Children’s laughter, screams of joy, light music, fluffy cotton candy, and exciting rides are what people imagine when they talk about an amusement park – a place where good memories are created. 

There are more than 20 amusement parks located in California, and 4 in Los Angeles. These parks have attracted tons of tourists and visitors in the past, helping the economy of California. Unfortunately, amusement parks were forced to close during the pandemic.

However, as the cases in California continue to drop, Governor Gavin Newsom revised the Blueprint for a Safer Economy, allowing theme parks such as Disneyland, Universal Studios Hollywood, Knott’s Berry Farm, Six Flags Magic Mountain, SeaWorld San Diego, Legoland California, and other California theme parks to reopen on April 1st. 

Despite the eagerness and enthusiasm of visitors, both experts and Caduceus Club members agreed that the date of amusement parks to be reopened should be postponed.

The Caduceus Club is a student-run organization at Pasadena City College, committed to providing educational support and volunteer opportunities for the campus’s pre-medical pre-health community.

Acknowledging the high demand for entertainment, club member Olivia Lopez-Freile suggested pushing the reopen date to after everyone is vaccinated.

“I don’t think it is time for Los Angeles to open,” said Lopez-Freile. “It’s really important to help businesses finally get customers but I think if we wait for just a couple more months while everyone gets vaccinated, we will be able to open up a lot easier, faster, and safer.

Agreeing with Lopez-Freile, another club member Lauren Lee thought the reopening process should be held back until July. 

“I think we are not ready to open yet,” said Lee. “It is best to open somewhere in July, when it is more calm and safe. The more people who are vaccinated, the safer Los Angeles is. We still need more time to allow people to get vaccinated.” 

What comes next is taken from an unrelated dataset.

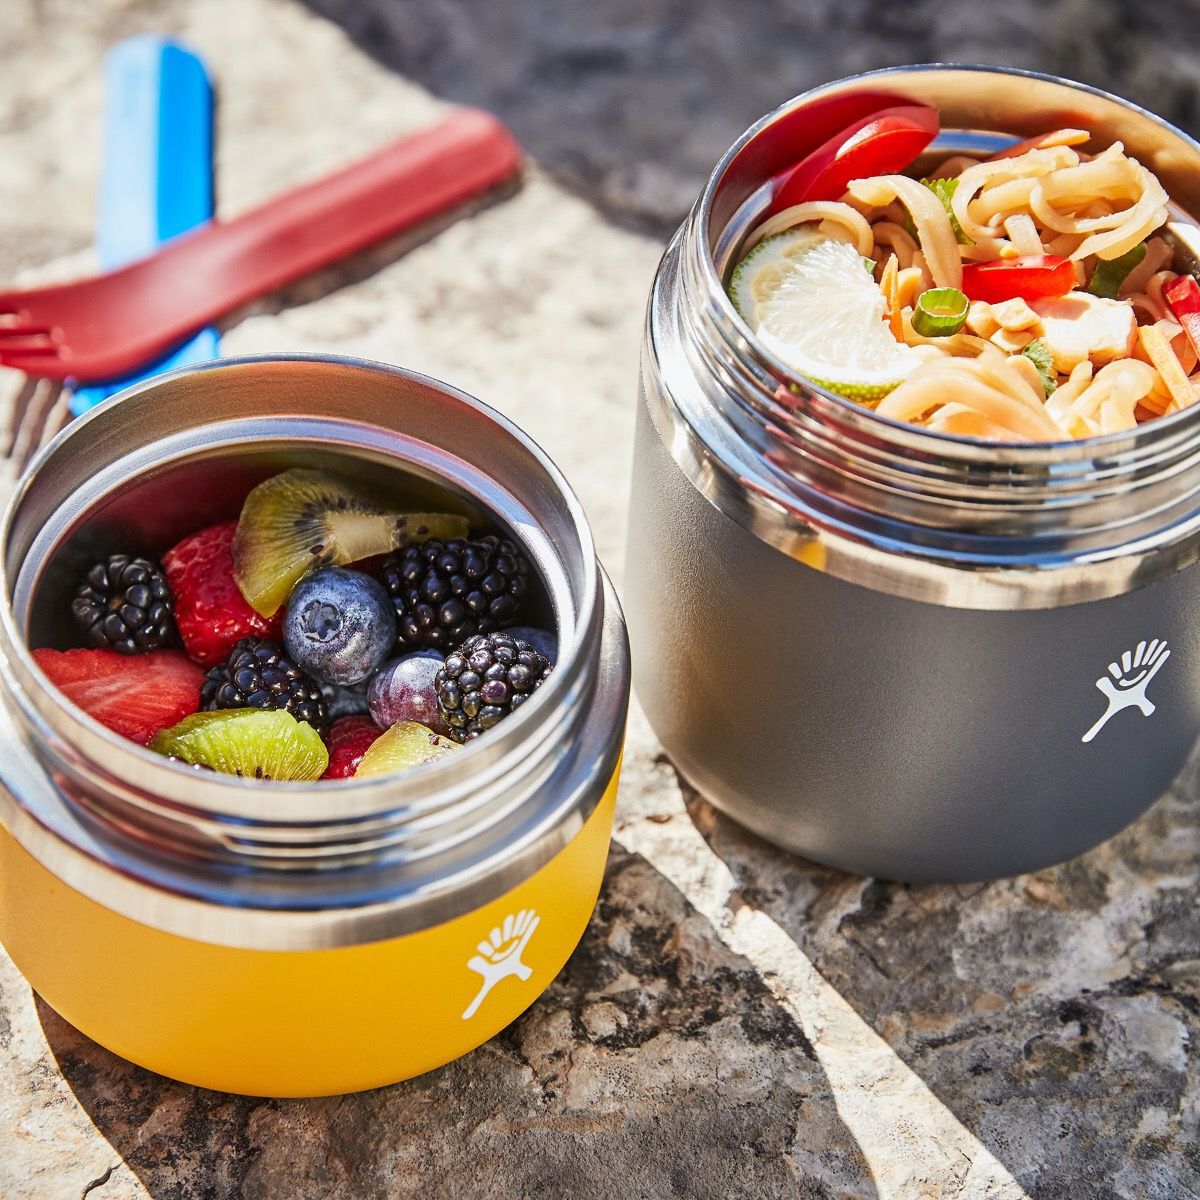 Hydro Flask 12oz Insulated Food Jar - Hike & Camp

Focusing on Disneyland, experts Martin Lewison, a theme park expert at Farmingdale State College in New York, and John Gerner, a theme park expert and managing director of Leisure Business Advisor, shared their perspectives of California reopening with Los Angeles Daily News.

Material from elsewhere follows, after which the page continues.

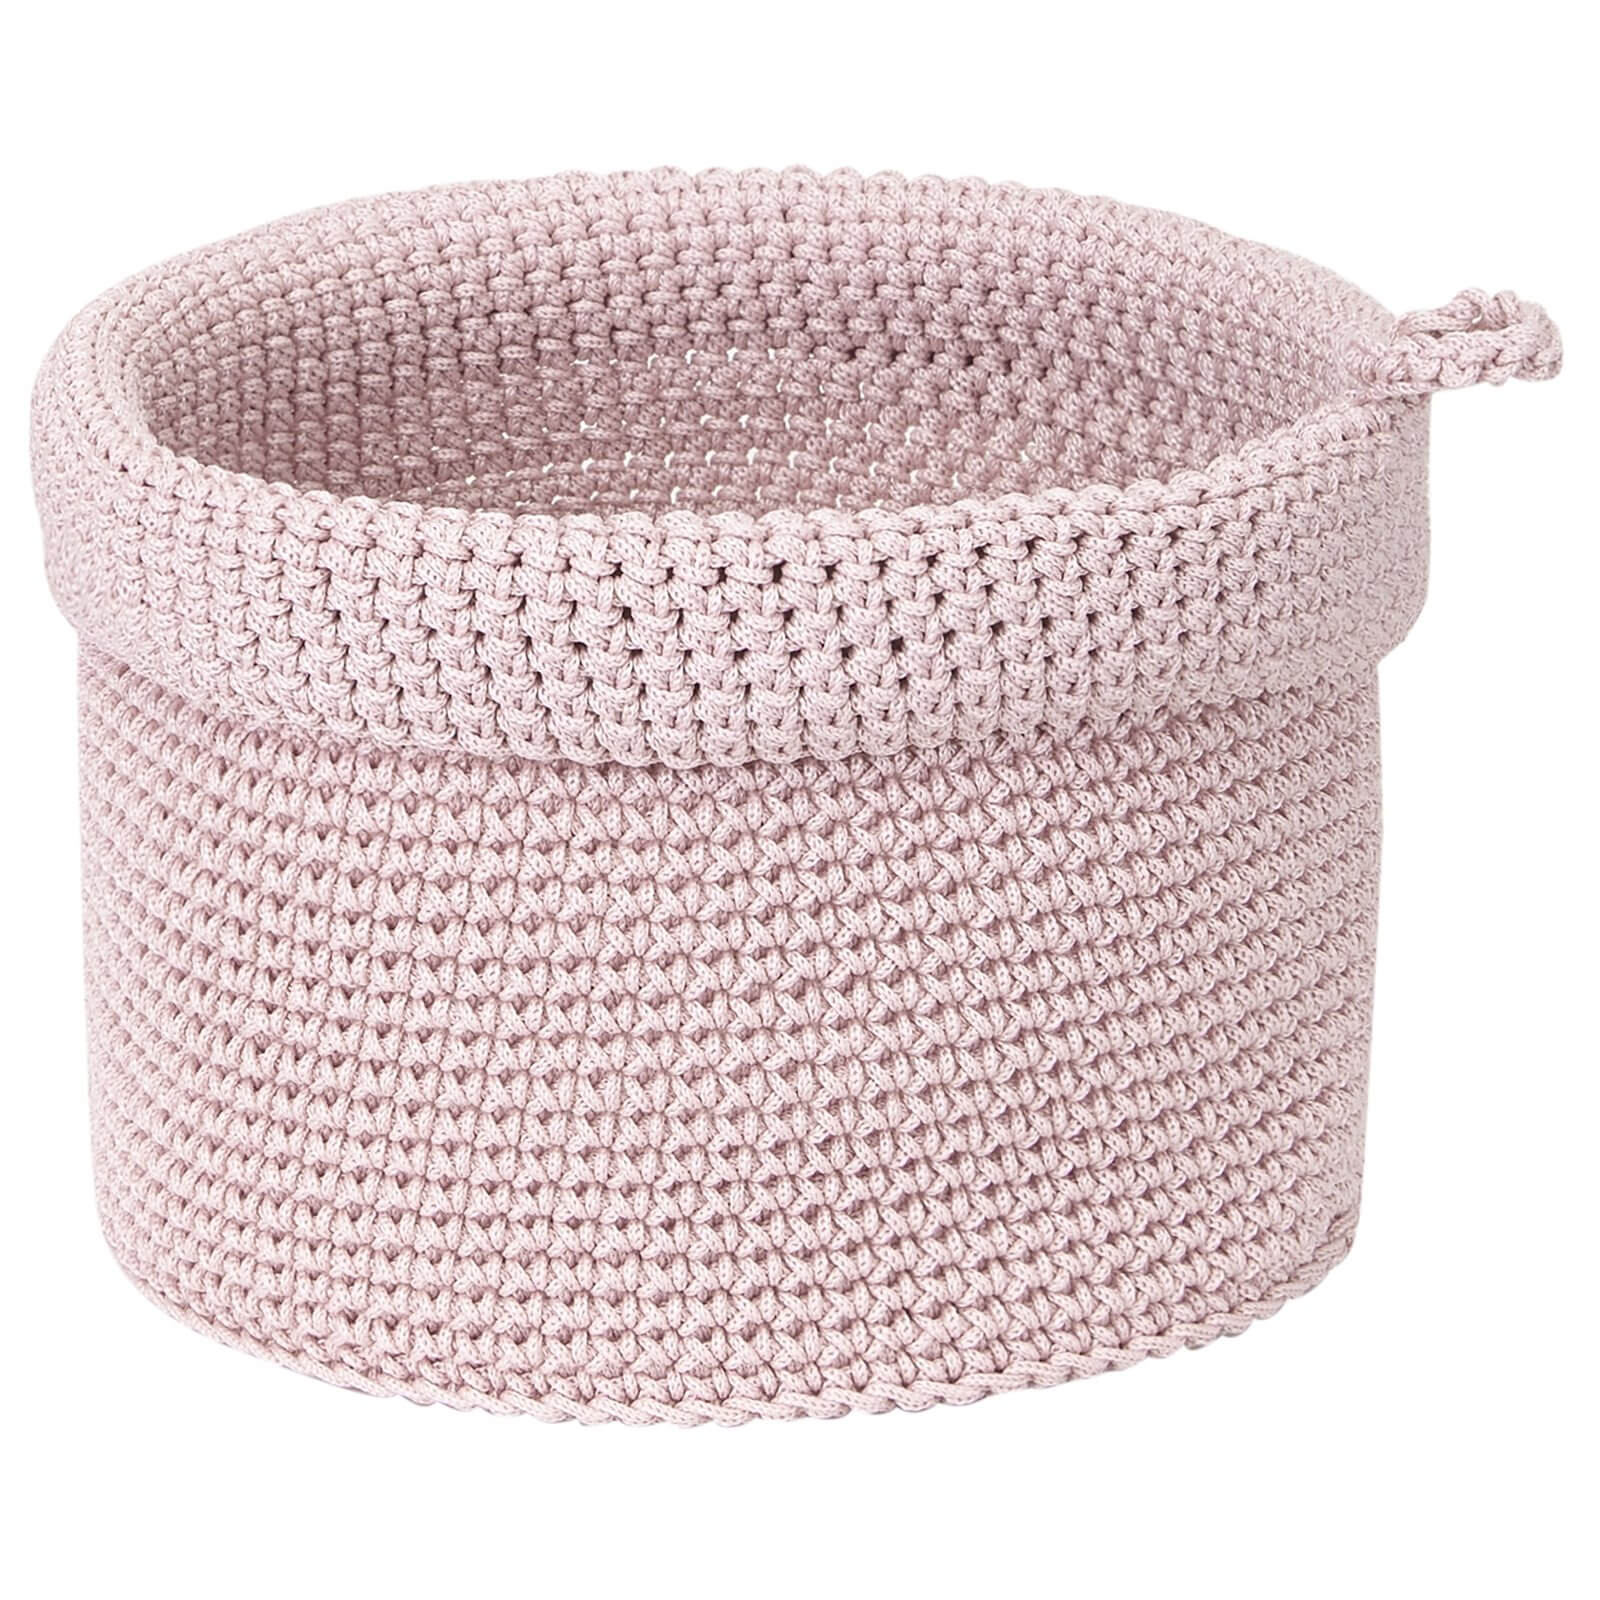 Knitted Storage Basket - Blush

“Virus cases remain stubbornly high in the U.S. and inviting large numbers of people to gather without limits may be inviting disaster, especially if it includes a return to high-capacity indoor attractions like Pirates of the Caribbean, Haunted Mansion, Star Tours and Star Wars: Galaxy’s Edge,” Lewison said, doubting the chance of Disneyland reopening in full capacity.

Though it has reopened, Lewison predicted that Disneyland won’t reopen until July, because its reputation for being a safe place to visit rests on decades of careful management.

“Every decision, large or small, is scrutinized and these are big decisions regarding safety — the number one issue for every theme park and attraction,” Lewison said. “Disneyland is not going to sacrifice safety under any circumstances and that’s one of the many reasons they’re the leader in the global theme park industry.”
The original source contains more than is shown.